AWS FinOps: Real-Time Cost Monitoring & Optimization Guide

AWSFinOpsCost ManagementLambdaEventBridgeCloudTrail
A

One of the biggest challenges in managing resources on AWS is understanding when costs are incurred versus when they are reported. We typically track costs via AWS Cost Explorer, but this data can have delays of up to 24 hours.

In this post, we will explore an event-driven architecture that allows you to monitor your costs in real-time, overcoming this delay.

Why Real-Time Monitoring?

AWS Cost Explorer is a great tool, but it offers a "reactive" approach. That is, you see the cost of a resource the day after it is created. If a very expensive EC2 instance (e.g., p3.16xlarge) is launched accidentally, you might have already spent thousands of dollars by the time you notice.

With real-time monitoring (a proactive approach), you can be notified the moment a resource is created, preventing budget overruns before they happen.

Solution Architecture

We will use 5 core AWS services in this solution:

  1. CloudTrail: Captures API calls (e.g., RunInstances).
  2. EventBridge: Filters events from CloudTrail and routes relevant ones.
  3. Lambda: Analyzes the event, calculates the cost using the AWS Pricing API, and generates an alert if it exceeds a threshold.
  4. SNS (Simple Notification Service): Delivers alerts to you via email or SMS.
  5. IAM: Ensures secure communication between services.

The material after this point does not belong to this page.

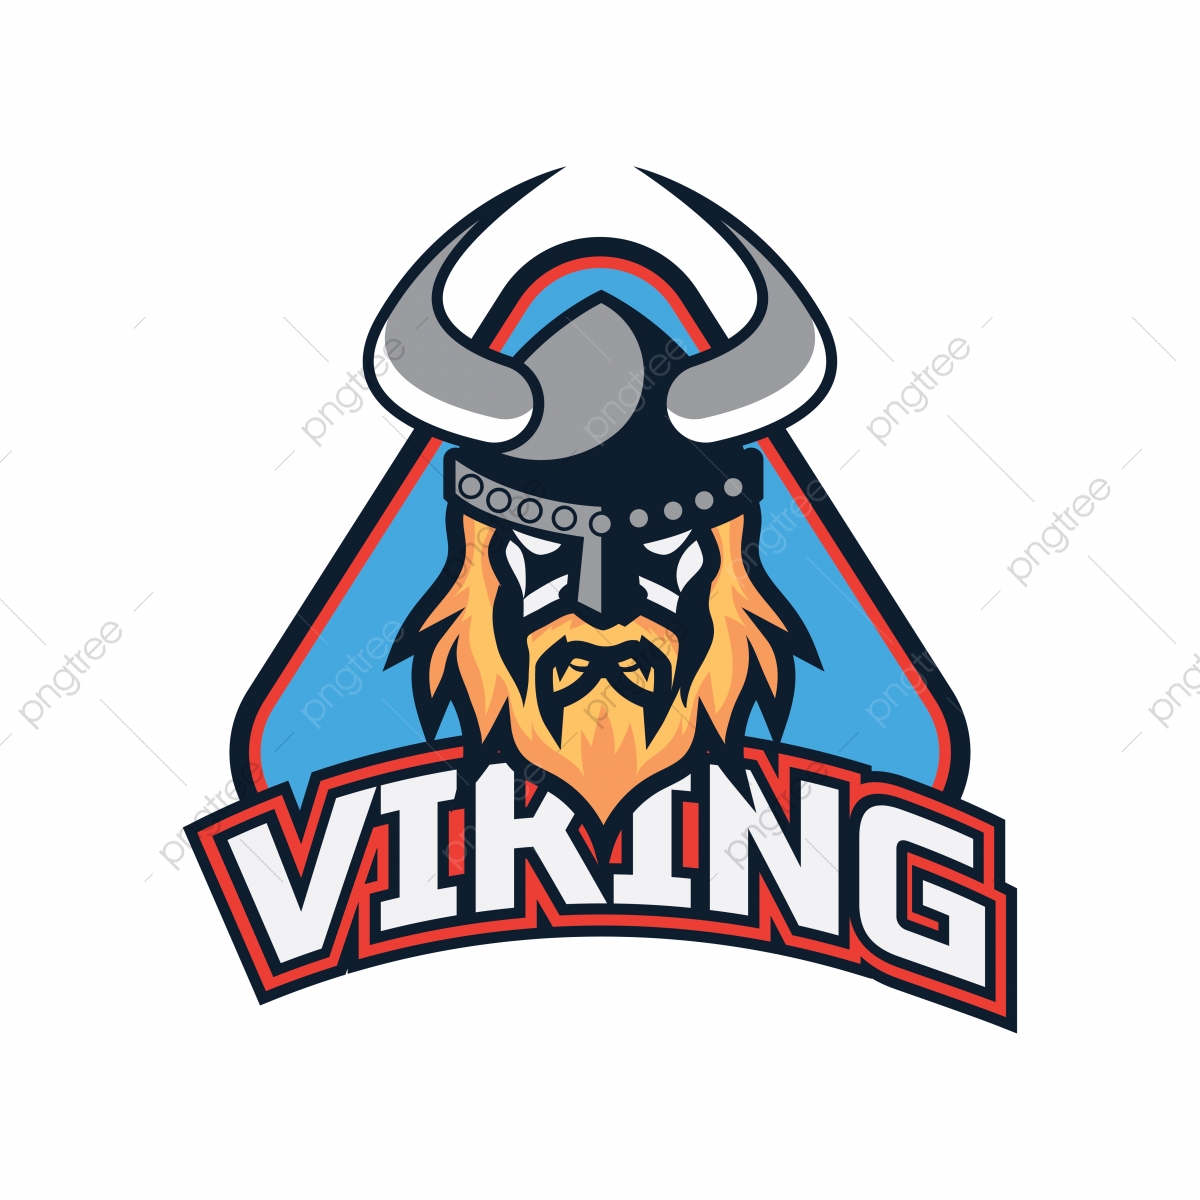 Vikings Logo Vector at Vectorified.com | Collection of Vikings Logo

Thanks to this architecture, you receive an alert within seconds, for example, when someone launches an expensive server.

Step-by-Step Setup Guide

Below you can find the steps required to set up this system.

Step 1: Enable CloudTrail

First, you must create a CloudTrail trail that records all API calls made in your AWS account. This trail will capture critical events like RunInstances and forward them to EventBridge.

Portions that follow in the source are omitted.